Узнав от Маркова о судьбе его родителей, Савелий ничуть не удивился:

- Ты разве не знал? Слушок-то давно ходил про это, еще до того, как город Одессу брали. А что ты хочешь? Одно слово: капиталисты. Хорошего от них не ждать.

Марков подумал, что у Савелия все просто получается, все у него свое место имеет и свое назначение, все у него по-своему. Вон и о Котовском он как о живом говорит.

Марков находился под впечатлением того, что узнал от Карпенко. В дороге было рассеялся, а сейчас опять все время ловил себя на мысли об отце, об истязаниях, которые тот, видимо, претерпел, о матери, о том, почему же она очутилась в больнице, о Татьянке, которая исчезла бесследно, но ведь где-то она должна же быть? Бессилие, невозможность узнать что-нибудь точнее, подробнее были мучительны. Нельзя ни пойти справиться, ни поехать искать...
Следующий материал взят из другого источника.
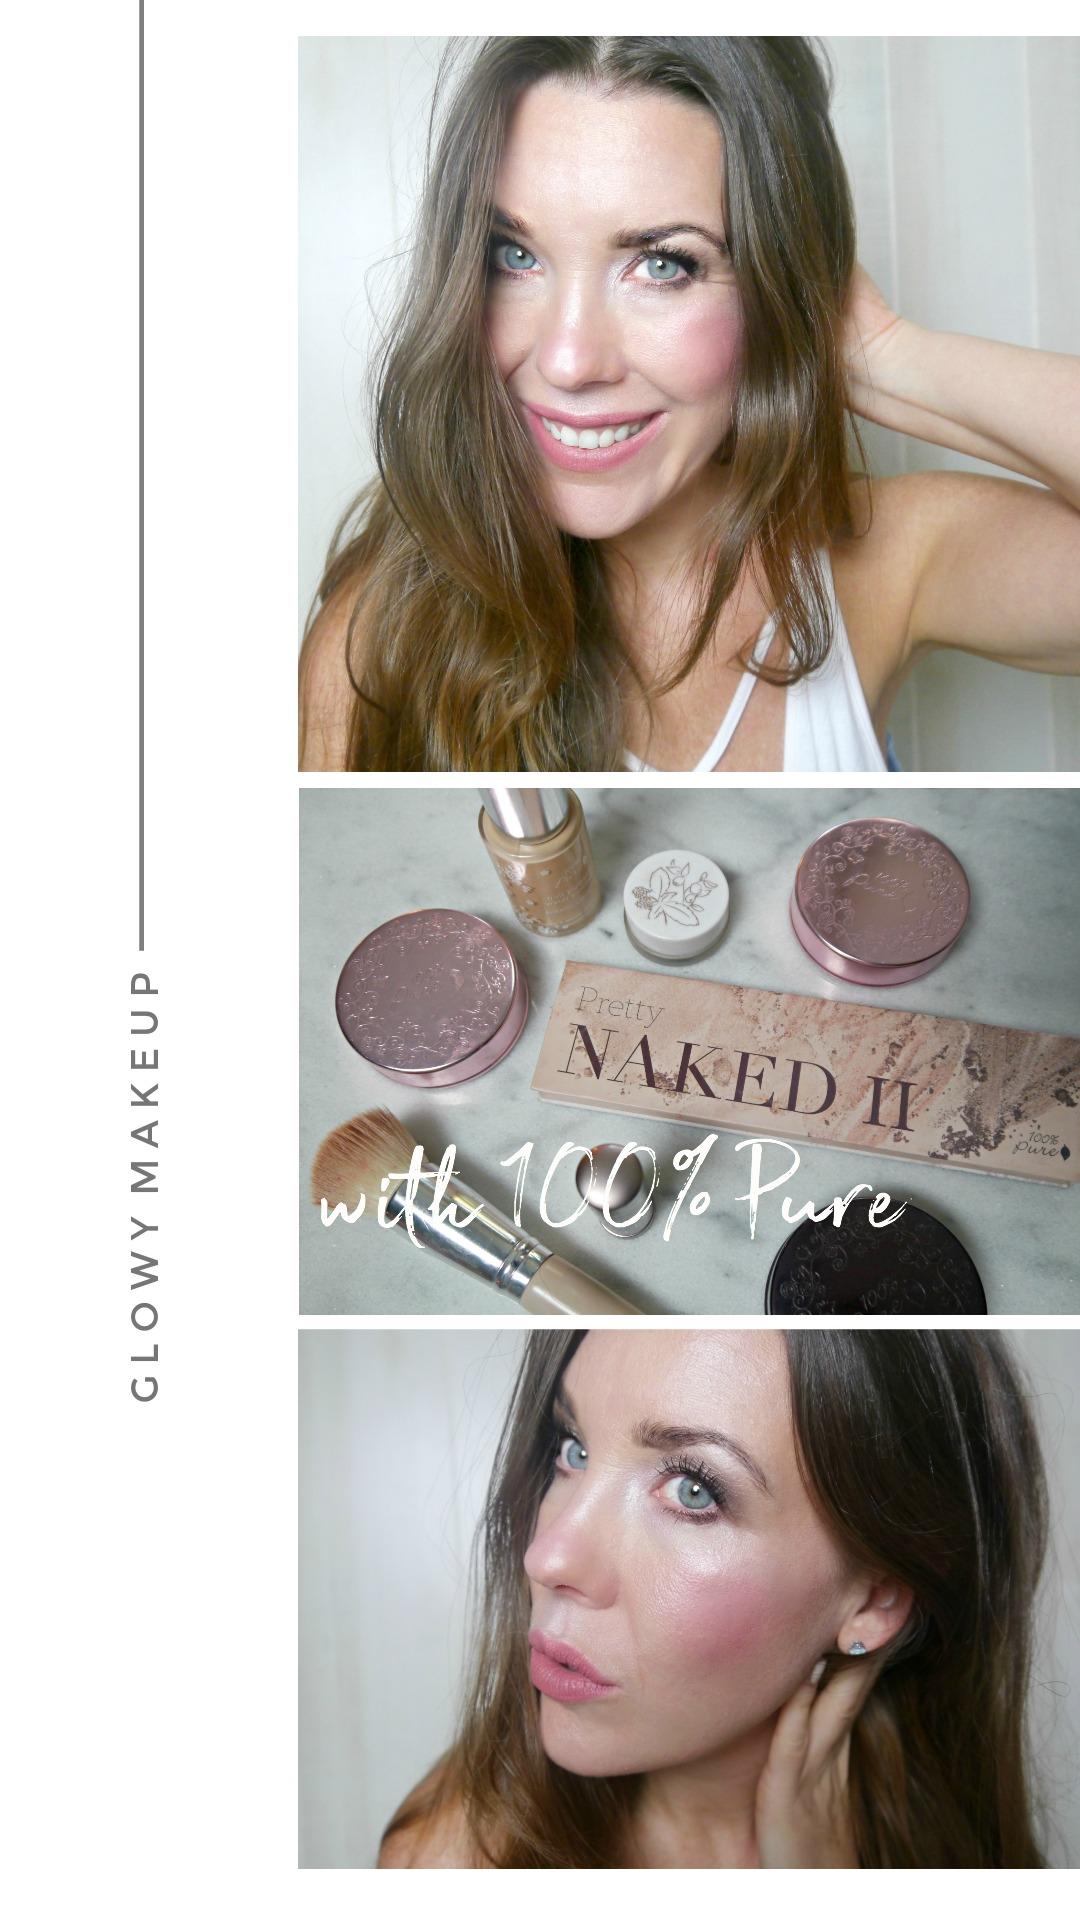 100% Pure Glowy Makeup

Может быть, Карпенко напутал? Может быть, все не так? У Маркова была смутная надежда услышать от Савелия какие-то мудрые слова утешения, соболезнования, участия. Капиталисты! И Карпенко говорил 'капиталисты'. А Маркову от такого объяснения не легче. Отца замучили, мать умерла, всеми покинутая, на больничной койке... сестра пропала без вести... До каких же пор будут людей мучить, разлучать, истреблять? Какая-то ненасытная прорва, заглатывающая поколение за поколением!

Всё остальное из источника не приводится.